The story concerns Tank Tabor, a gambler in Milwaukee. I didn't know Milwaukee was riddled with corruption in 1958, but this book says it was. Tabor is tough and he gets by well enough to have $6,000 walking around money. His younger brother is a private eye working on a case that comes very close to town boss Arky Calahan. Calahan has Tabor take a warning to his brother, but the brother's too honest, and Tabor gets stuck in the middle. Calahan gets violent and soon Tabor's on the run and trying to get out of frame-ups.

One thing I really like about the book is that is has a glossary at the start, but it's strangely unhelpful. It tells me "tyro" means novice. Merriam-Webster says it's meant that since 1611, and it's only used once in the book. "Jive mackman" apparently means "wierd person," which is new to me. I'd have assumed it meant pimp. That phrase is used many times throughout the book, often in the same scene. "Rancho" is slang for house, as if we couldn't guess, but some slang in the book that Duhart must have made up isn't listed. He doesn't have a good sense of how people use slang, or of how violence affects people. Tank Tabor is brutally beaten and minutes later he's up and about. A woman is tied down and raped by three men, and minutes after Tabor has killed them she's kissing him hungrily.

Some things surprised me.
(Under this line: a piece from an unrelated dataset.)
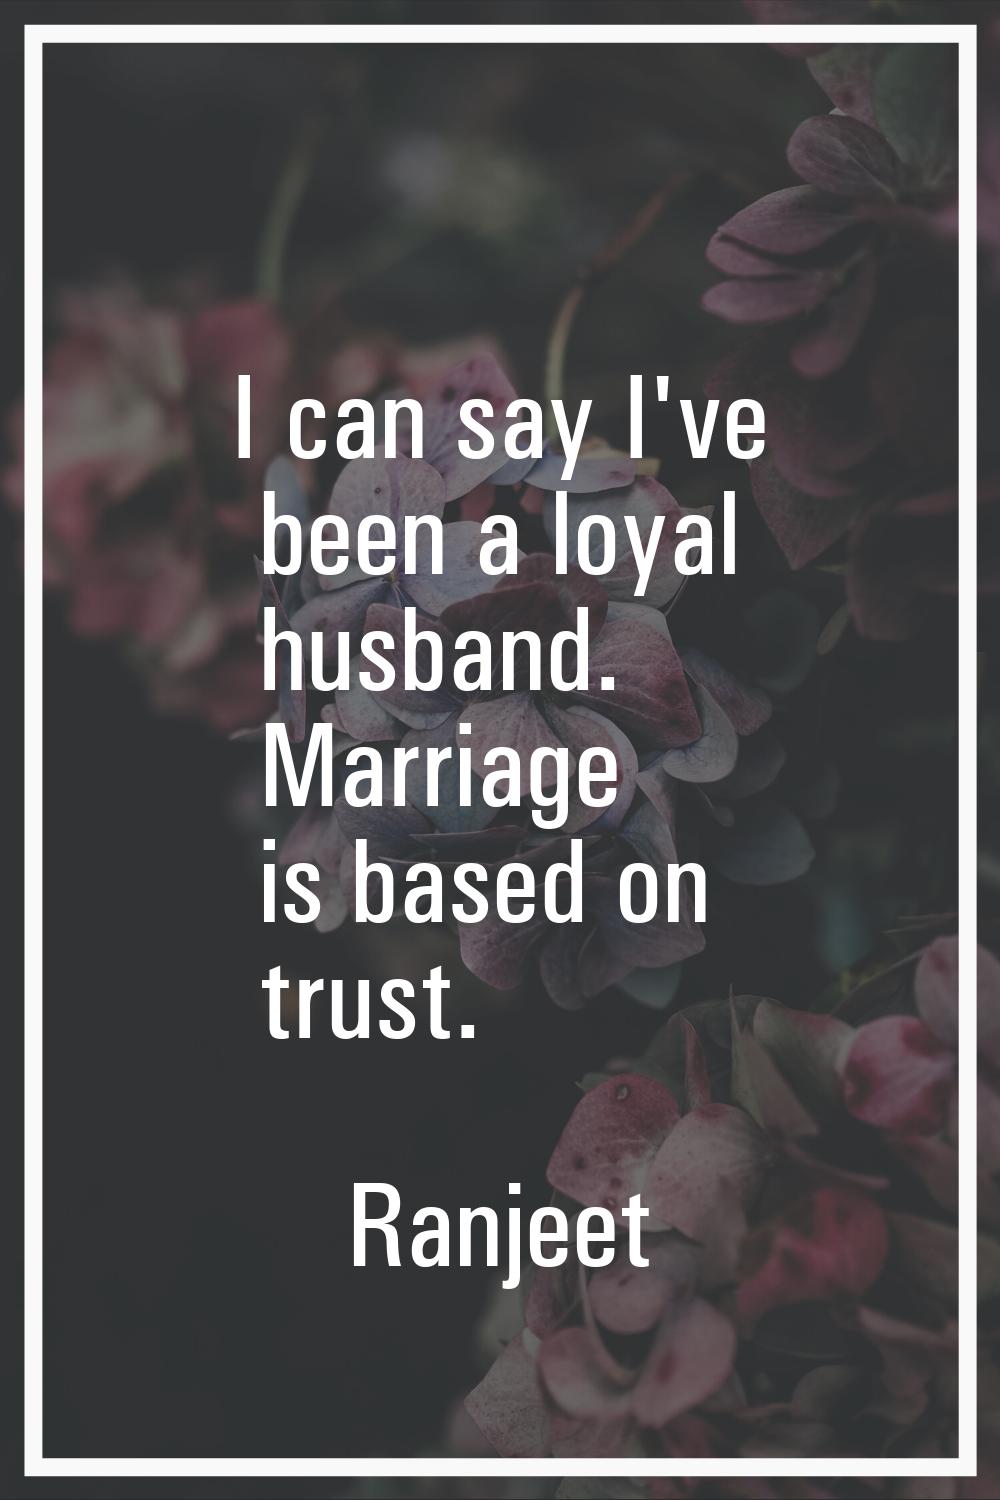 I can say I've been a loyal husband. Marriage is based on trust.

There's some unexpected use of language, phrases like "little junkie bitch," which pop up a few times out of nowhere. Some sex and violence seems to have been added in a misguided attempt at pulpy titillation. If a woman has proud breasts, or melon breasts, you know you'll be hearing about them again.

Then there are the metaphors and similes. "The green Bikini she wore would have made a snake dancer's G-string look like a pair of Italian pantaloons." "At least he thought she was his girl until he came home from an eighteen-month stay in a Japanese prison camp and caught her on her back, looking over a jodie's shoulder, with nothing covering her writhing body but him and perspiration." Now, that's got some style, and so does another bathing suit that doesn't have enough material to make a handkerchief for a midget. But Duhart can't make the language flow naturally. In two pages he has Tabor fist a gun and sleeve blood off his forehead, and later he curbs a car. It made me think Duhart needed to dictionary some verbs.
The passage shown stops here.